Building Custom Data Warehouse Using PostgreSQL | NYC Tech Events - GarysGuide

Building Custom Data Warehouse Using PostgreSQL

With David Kohn (Data Enggr, Moat).

	Venue, To Be Decided
	Oct 12 (Thu) , 2017 @ 06:30 PM
	FREE

DETAILS

At Moat we add ~500 million rows each day to just a few tables in our data warehouse.

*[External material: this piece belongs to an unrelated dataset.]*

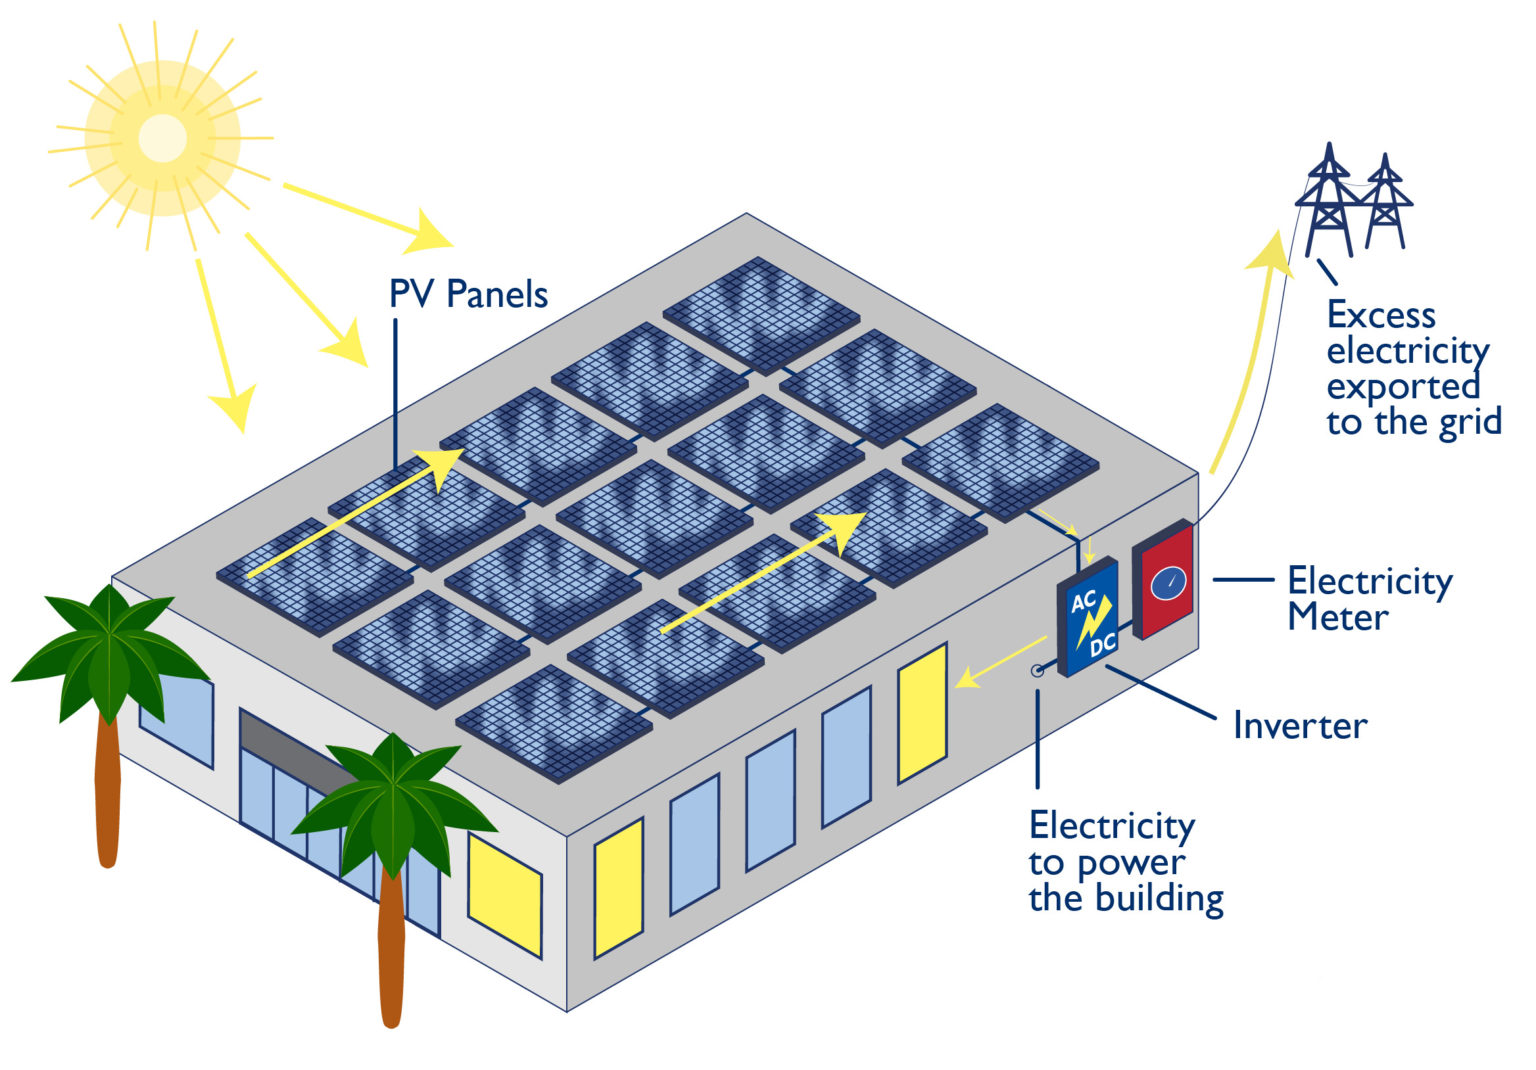 PV cells convert the sun’s energy into direct current (DC) electricity. DC electricity is sent to an inverter that converts it into alternating current (AC) electricity, which can be used on site or sent to the grid.

Previously, we used Postgres for data for the last month (which takes ~15TB of disk), & we love its ability to handle concurrency & its cost compared to the commercial column-stores that we use for our historical data.

By using a combination of composite-types, arrays & Postgres' TOAST mechanism we were able to build a custom data warehouse that combines the best aspects of Postgres & a commercial column-store database, tailored specifically for our needs without modifying any of the Postgres source.

Our new store uses ~1TB of disk/month, has sped our ETL considerably (we're now compute rather than I/O bound) & will allow us to migrate our full historical data warehouse to a single Postgres instance.

This talk will cover: - An overview of our data problems & why we chose to go this route - A deep dive into the different Postgres mechanisms (TOAST, arrays, composite types, SRF's) we use to make our solution work, how we put them together, & how others might apply similar techniques to their use-cases - Strengths & weaknesses of the approach, lessons learned - Upcoming features in Postgres that are going to make this approach even more attractive - Future work/things that aren't upcoming (yet!?) that would really help us out.

Speaker: David Kohnis a Data Engineer focusing mostly on Postgres at Moat How he came to do data engineering at an advertising analytics company from battery engineering & electrochemistry startups is a story too long for a short bio, but you can ask him if you'd like.